March 18, 2020 | Download a PDF of this article
Although big data was trendy five years ago, today organizations are trying to make sense of the flood of data they now have. Because data mining proved insufficient, the largely ignored field of AI has finally come into its own. And out of AI’s many subdisciplines, machine learning has emerged as the principal means for organizations to gain a true understanding of their data.
If machine learning has caught your interest, you’ll find many videos and tutorials on the web. Most are of limited value, either because they are too theoretical or because they focus on only one tool in the lengthy machine-learning toolchain. The scarcity of useful offerings makes the present book such a satisfying find. It’s a hands-on overview of machine-learning, written for the Java developer.
The author, who has more than a decade of experience working with the vast data troves generated from retail sales, starts with a full explanation of what machine learning is and what it can deliver.
He then moves into the prerequisites: finding the data and preparing it for use by the tools that are presented across the remaining 12 chapters. After explaining the sources of usable data (public datasets, APIs, web scraping), the cleaning of data for use, and the classification of data, he provides an overview of the statistics you typically will use in analyzing the data.
After explaining the statistical methods, such as linear regression, he launches into decision trees and presents them using the Weka toolkit. That toolkit is used again in the next chapter on clustering (there, referring to the machine-learning technique of identifying items with common traits, rather than to hardware architecture). As the author does in every chapter, he starts with an approachable explanation of what the technique is, why it’s important, and what tools can be used to implement it. These presentations are remarkably clear. Due to the well-thought-out explanations, many times, I came to understand items that had previously been mere concepts. These presentations lead immediately to implementation code using a small dataset. That code is usually Java, and in some places the equivalent operations are shown in Clojure as well. One chapter, though, has substantial new material shown in Clojure only.
These chapters are followed by coverage of association rules learning and support vector machines (SVMs), both of which are demonstrated using Weka. Then comes a very lengthy presentation on neural nets and implementations using both Weka and Deeplearning4J (commonly referred to as DL4J).
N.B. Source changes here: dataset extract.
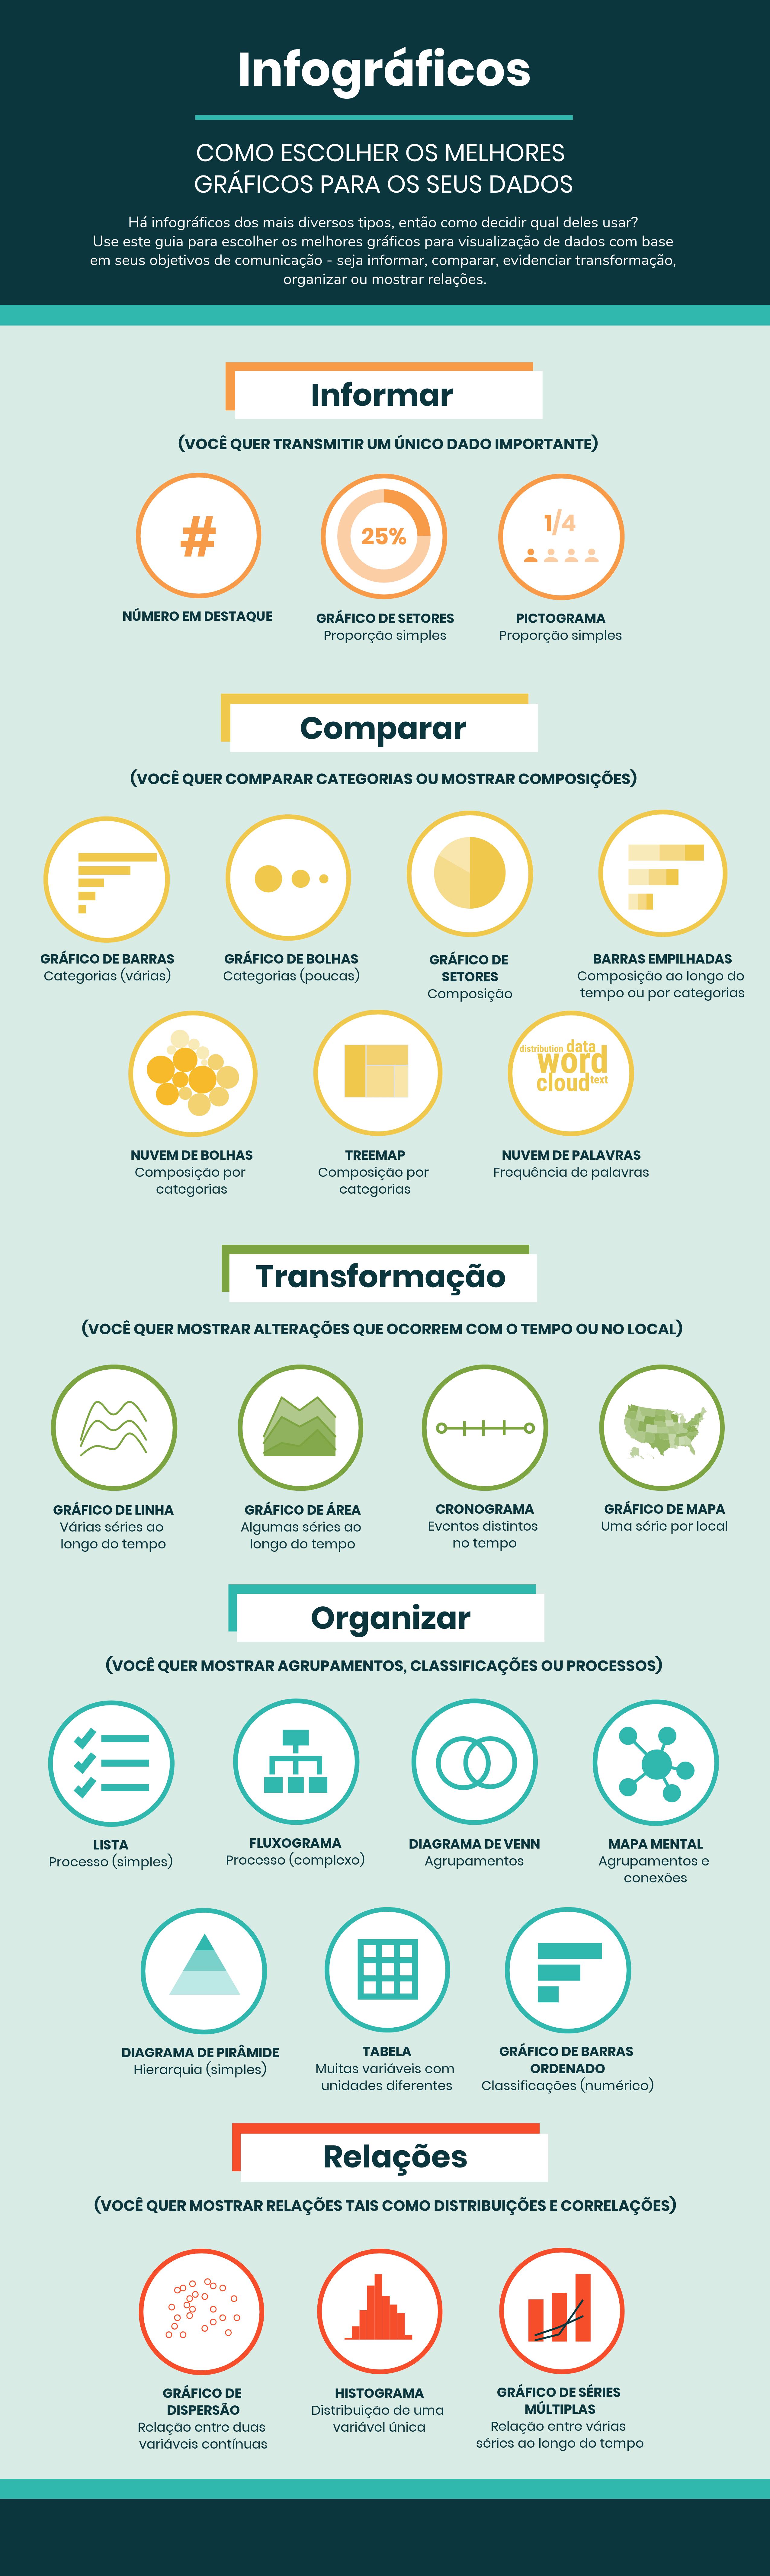 infografico tipos de graficos

The rest of the book (which comprises some 360 pages plus appendices) provides demonstrations of the machine-learning concepts as applied to specific types of data. The first data type is text, which uses Apache Tika and Google’s word2vec. The author then moves on to images, which serve as a way to introduce convolutional neural networks.
Finally, there come two chapters on the big data engines commonly associated with machine learning: Kafka and Spark. The chapter on Kafka spans more than 60 pages and includes an illuminating explanation of the technology, followed by the steps to set up a single-node cluster and, later, by the steps to set up larger clusters. Not only does the author show the code for the sample project, but he carefully steps you through the planning necessary for the project and the decisions that were made in this particular implementation. Unfortunately for Java developers, a large section is implemented in Compojure, a Clojure-based web framework.
The chapter on Spark is shorter and frequently relies on comparisons with the preceding coverage of Kafka.
A final chapter, which really should be viewed as an appendix, is an introduction to the R language, which is often used in machine learning. This concise coverage is intended as an aid to the reader who might be working with colleagues who use R, so the basic explanation of R offered here facilitates communication.
Overall, this is about as fine and complete an introduction to machine learning as is presently available for Java developers. It’s an excellent work that I can recommend, but not entirely without reservations. There were some irksome aspects. The first and most irritating is the poor presentation of code. In some chapters, keywords are bolded but in others they are not. In some, statics are italicized but in others they are not. In all chapters, the code frequently wraps to the beginning of the next line. I don’t understand such carelessness, especially in light of how trivially easy it is to format code properly.
There are other lapses, which are frustrating things to find in any professional book. For example, one chapter includes a full-page listing for which the entire explanation consists of a single sentence. Elsewhere, the author refers to things incorrectly and in other places he is inconsistent with his explanations. All books have some annoyances, but this is a second edition, so it’s reasonable to expect that all these failings would have been removed.
It’s too bad that there is this sloppiness in an otherwise excellent book. While I still believe this is the best introduction presently available for Java developers, with more care it could be the definitive treatment.